To test ECFP and NeuralFPS, we used the libraryFootnote 3 provided by (Duvenaud et al. 2015). The size of the graph embedding was restricted to 164 for all applicable methods and a grid-search was done to optimize the parameters of the various methods. For ECFP and NeuralFPS, we tested different values for the following parameters: fingerprint radius, 2 regularization penalty, step size for the optimization, hidden layer dimension, and convolution layer dimension (only for NeuralFPS). All results reported are the average over 5-fold cross validation. Since a neural network, with a single hidden layer, was used as the classifier in (Duvenaud et al. 2015), we chose to use the same classifier for all baselines.
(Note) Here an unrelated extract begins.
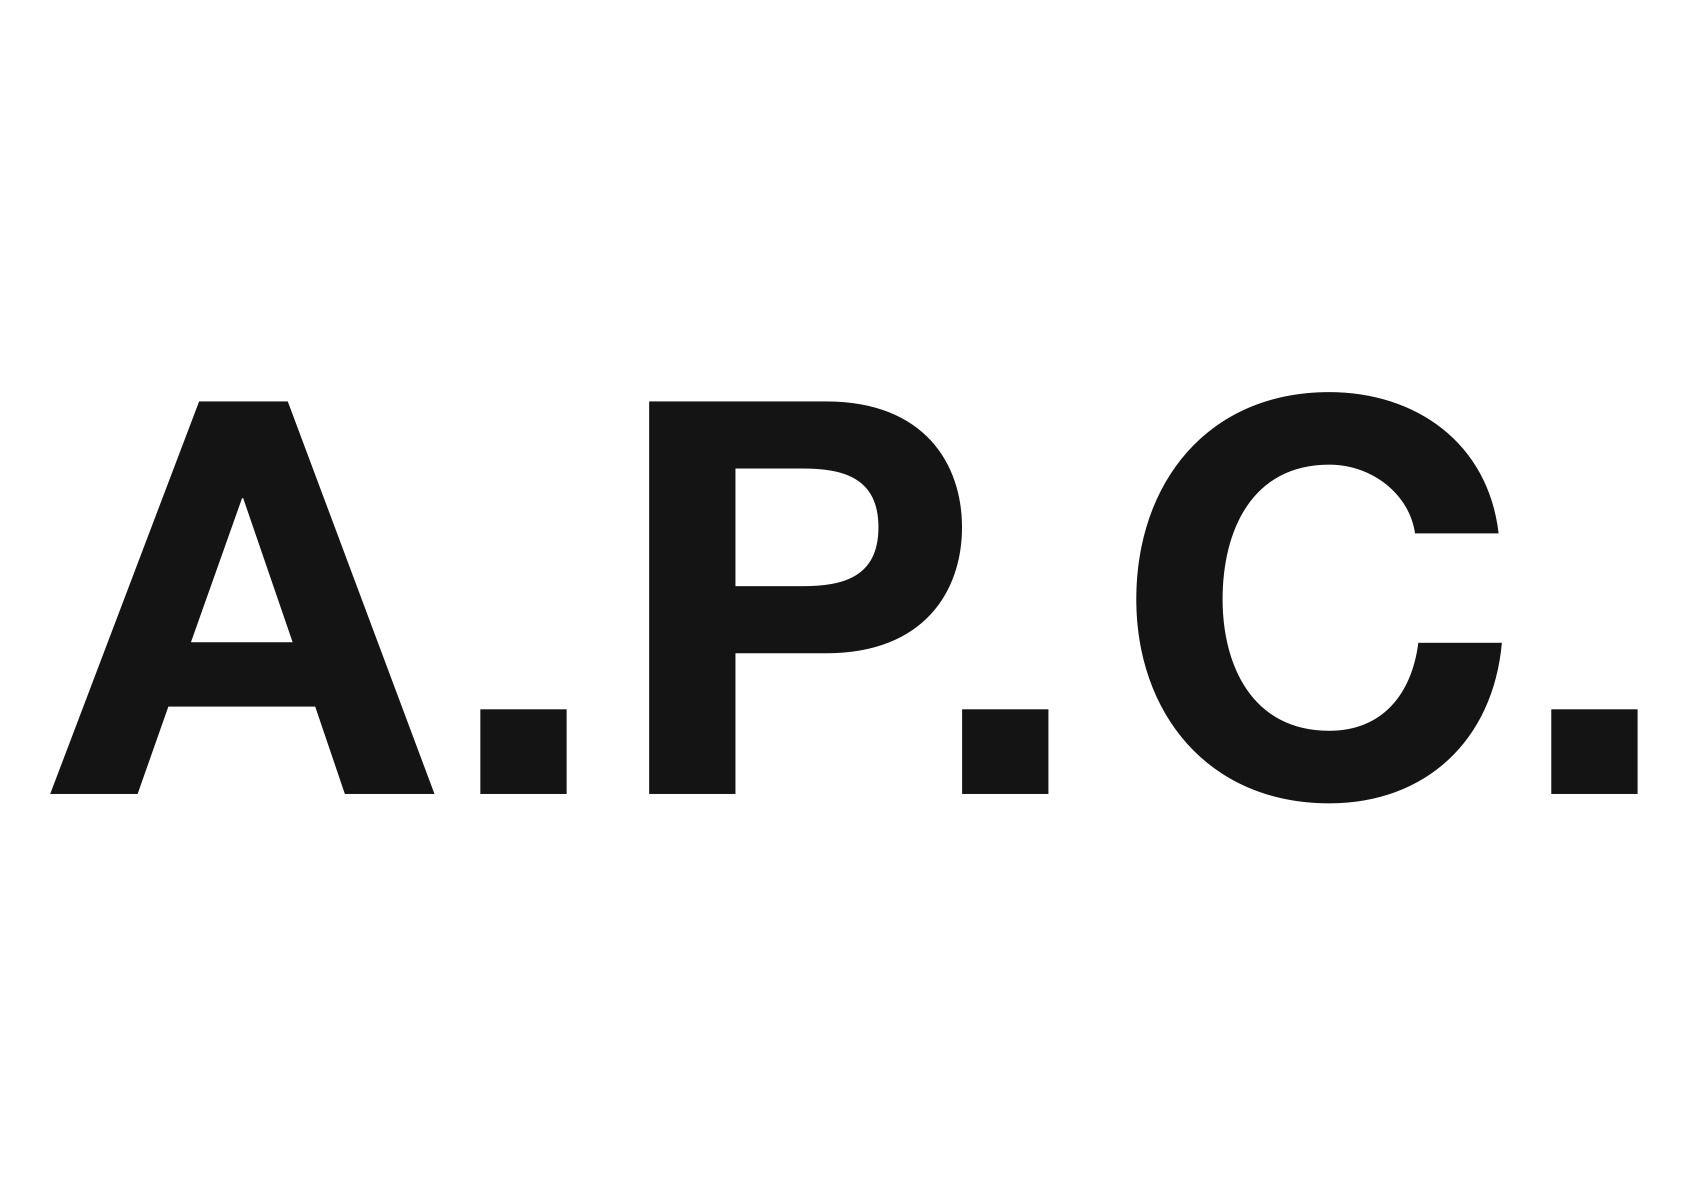 Jean Shop Logo - A.P.C | The Denim Shop - Singapore Online Denim Shop

Furthermore, for a fair comparison, a grid-search was performed over the same set of values for classifier-related parameters. In particular, for the neural network, we tested various settings with hidden layer size selected from {70,100,140}, and 2 regularization chosen from {0.0001,0.001,0.01,0.1}.

All tests were conducted on a machine running Ubuntu with 160GB of memory and 48 CPU cores (Intel Xeon E5-2680 v3 @ 2.5 GHz).

Classification results

We show the classification accuracy of the different methods in Table 2. The proposed method achieves top performance in all of the tested datasets. It is a little surprising, however, to find that NeuralFPS performs slightly worse than ECFP. This seems to suggest that it is overfitting the data as NeuralFPS is a generalization of ECFP and should, in theory, be at least as good as ECFP. We find that the methods based on graph kernels perform quite poorly. This may be due to the fact that we are using a combination of the atom type and the additional node feature as the node “label" leading to an increase in the number of possible features – which, in turn, causes sparsity where only a few sub-structures are shared across graphs. This phenomenon has been shown in previous experiments, see (Yanardag and Vishwanathan 2015) for instance.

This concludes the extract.